Fur Coat: Mind Over Matter

Fur Coat
Mind Over Matter
Crosstown Rebels
2012-09-18

This is that real minimal shit that you love. No seriously, you love it. Don’t talk to me about Skrillex! He is gauche, a handful of musical snot extending a hearty handshake, but Fur Coat’s mini-mini-minimal tracks will sound just as… um… monolithic to questing dancers in the year 3001 as they do to today’s global jet-set. You know how a rock from a thousand years ago is still hard? (Unless it’s no longer a rock but sand or something?) Same idea.
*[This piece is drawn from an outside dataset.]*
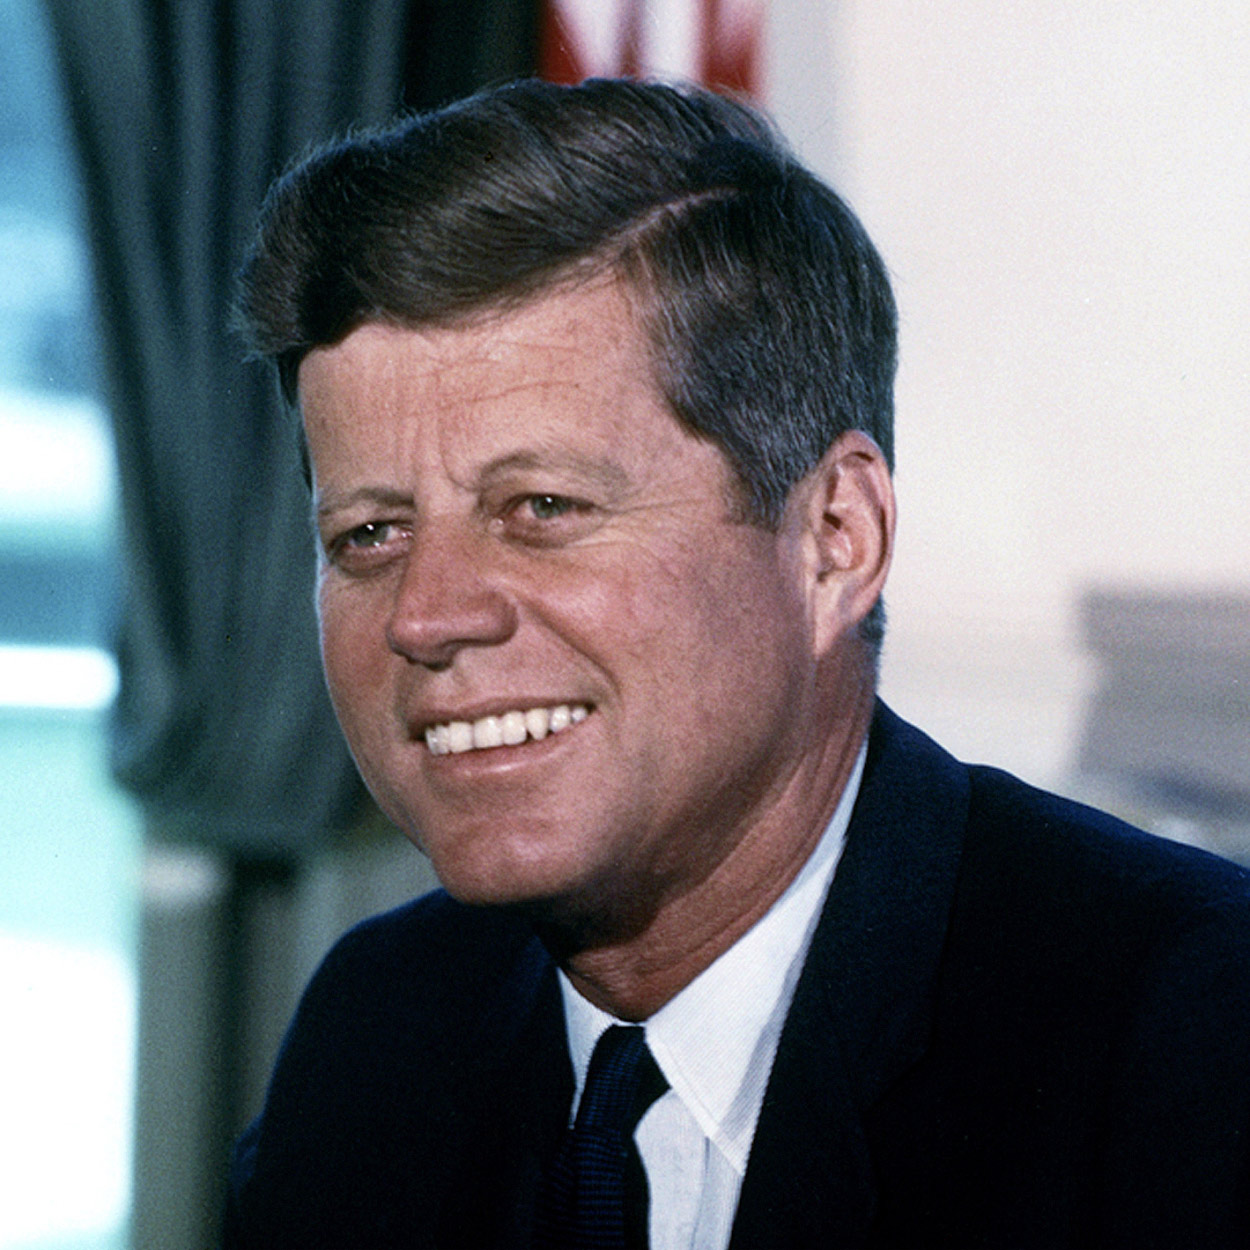 taille-john-fitzgerald-kennedy-Image
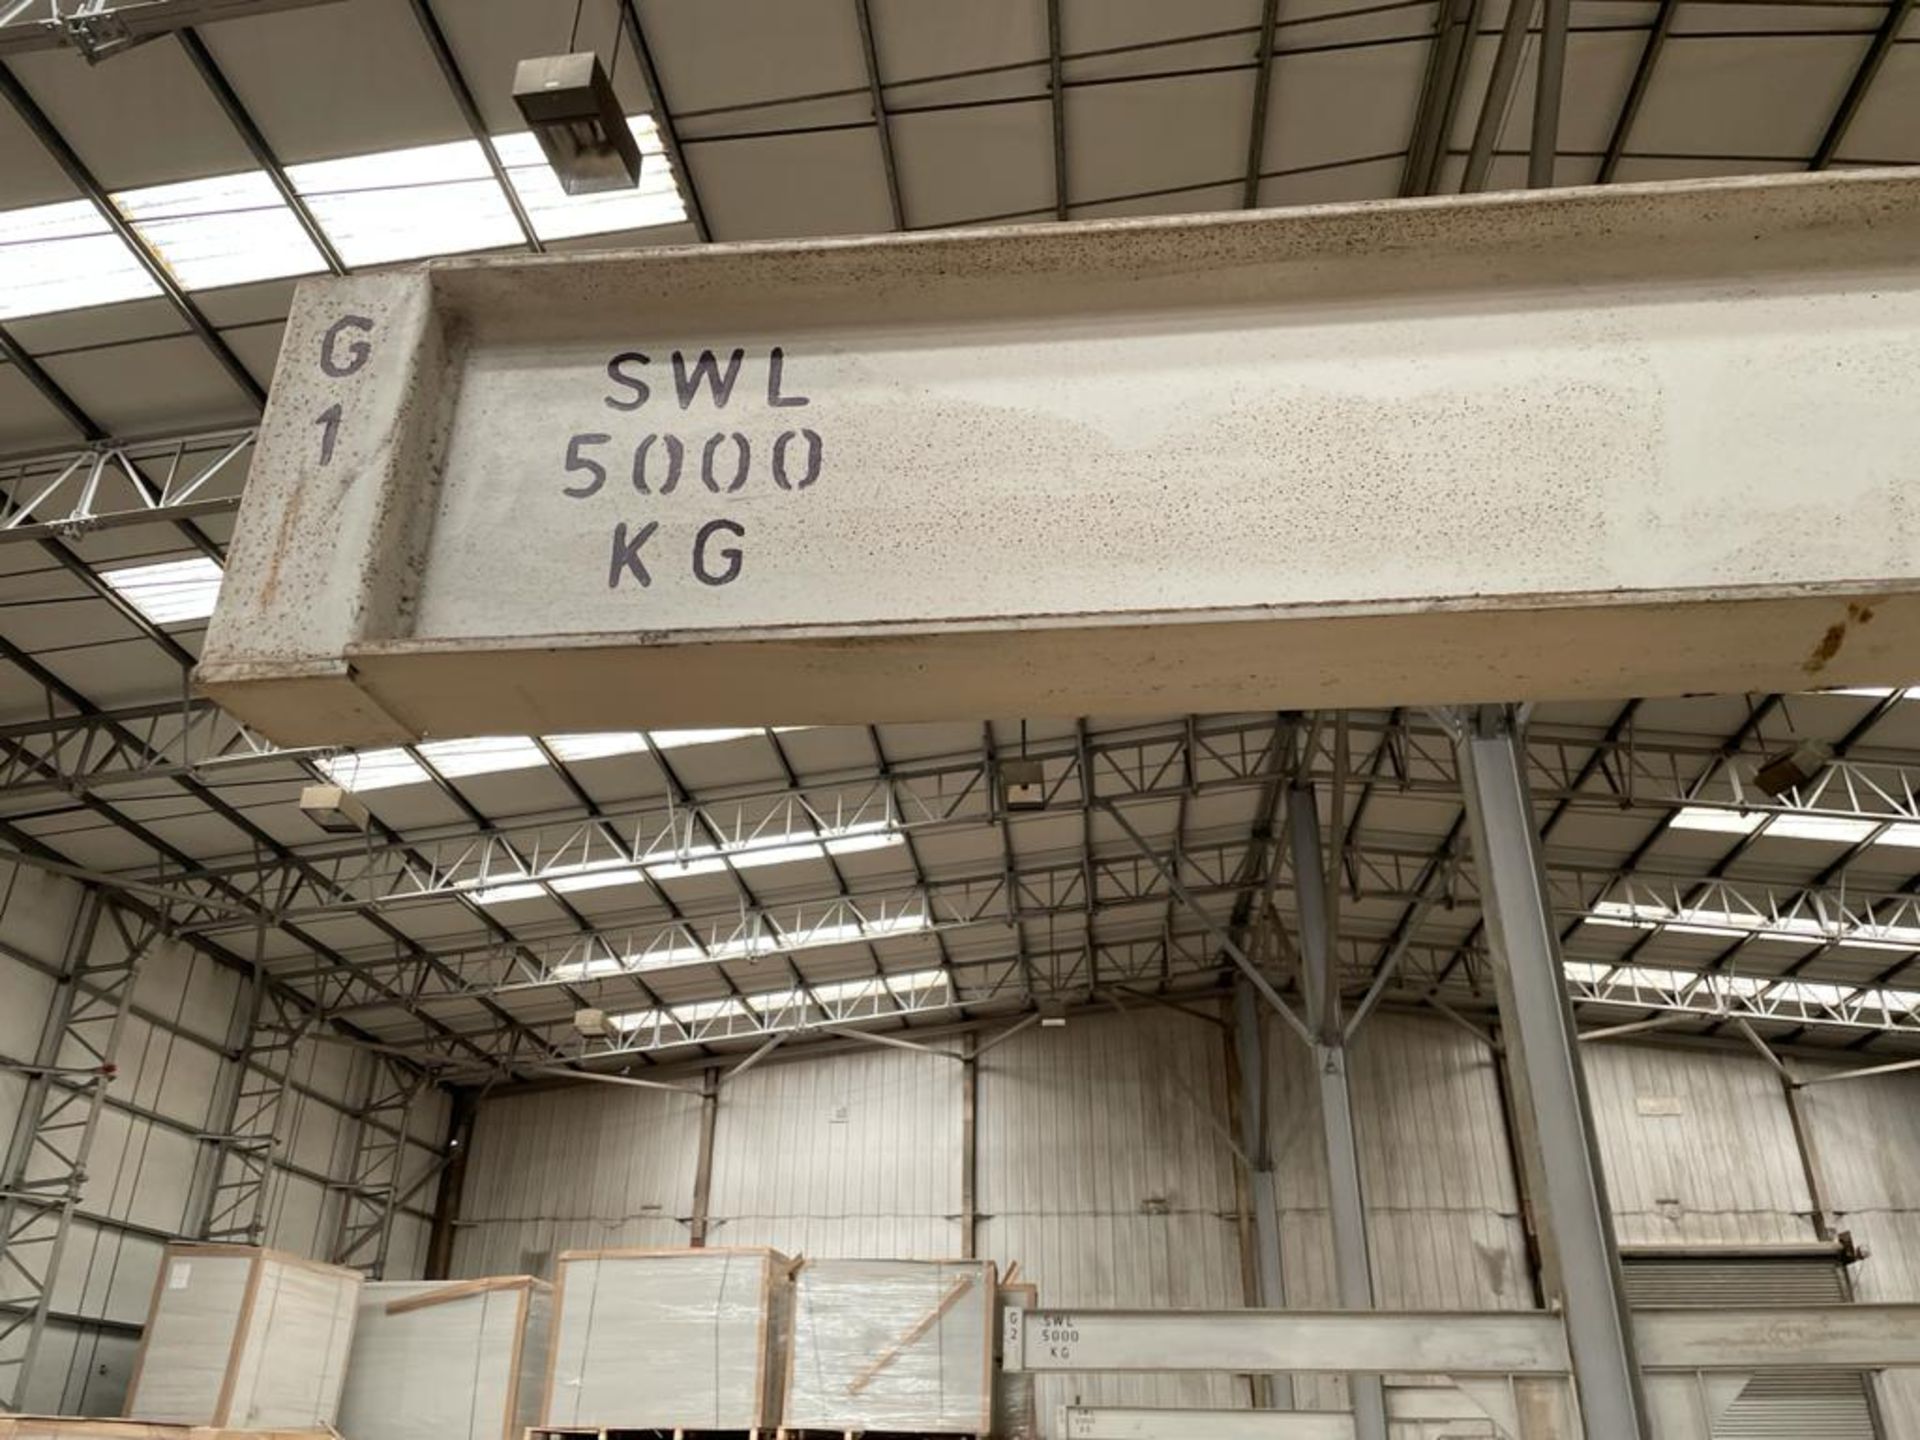 2 x Heavy Duty Cantilever Racking Uprights - SWL 5000kg - Ideal For Builders Merchants or Warehouses - Image 8 of 8

Despite the nice young lady wearing the coatimundi on the cover (mind the claws!), Fur Coat refers to the electronic music output of two Venezuelan men who specialize in rocking dark, strobe-lit, slightly moist clubs packed with lightly tattooed individuals who should remember to hydrate. Drums and bass play a big role, sometimes the only role. Their debut full-length Mind Over Matter occasionally spices things up with burbling synth ostinatos or acid squelches designed to liquify your limbs, and the DJs really enjoy sinister voices that echo out of your psychotic nightmares. Oh, and there’s some digital ping pong ball that starts bouncing midway through “Those Days”. OK, so maybe there’s more going on here than just drums and bass, but it’s not like you’re gonna put this on for listening pleasure. “Pleasure” is a dirty word with this music — although, given the transgressive bare-tittied nature of their album art, not to mention their improper use of a coatimundi, dirty words are probably de rigueur with these heathens.

Even the most pleasure-denying parties must invite some guests, and Fur Coat doesn’t disappoint: their guests deny pleasure hard. The coquettish Rap Lisa doesn’t rap; she sings “Pettit Pillow” in a little baby girl voice and whispers like a kitten, if kittens whispered. In “She’s All Good” and “Understand What I Do”, Big Bully picks up where Prince leaves off; i.e., he foregoes Prince’s sense of melody, energy, rhythm, humor, confidence, soul, personhood, you name it. Cari Golden keeps singing about cocaine in unaffected tones. During “Space Ballad”, the silver tongued Argenis Brito provides the album’s funniest moment when he declares in a monotone, “People’s come and filling up the place / It will be a night not to forget / Me, my girl, my mates are all getting started / Tonight will be a… hell of a party.” Sort of like watching the Super Bowl on mute at a monastery.

“But it’s dance music…” Of course you can dance to this music. You could also dance to a cheap keyboard left on by accident or a dot matrix printer. It’s possible Fur Coat set themselves the difficult musical task of making us question the connection between individual and society, the displacement of the soul via electronic wizardry, maybe how that wizardry eradicates basic humanity, and how the electronic wizard’s phallic “wand” (read: glow stick) is nothing more than limp cocksmanship, dispersing the barest modicum of light to its immediate vicinity while even the communal lights of thousands fail to fully illumine our surroundings. If so, they didn’t succeed. I get the feeling Fur Coat wants Mind Over Matter to sound “sinister”, to make me feel ill at ease, but it does nothing of the sort. If I’d paid money for it, maybe I’d feel ill at ease.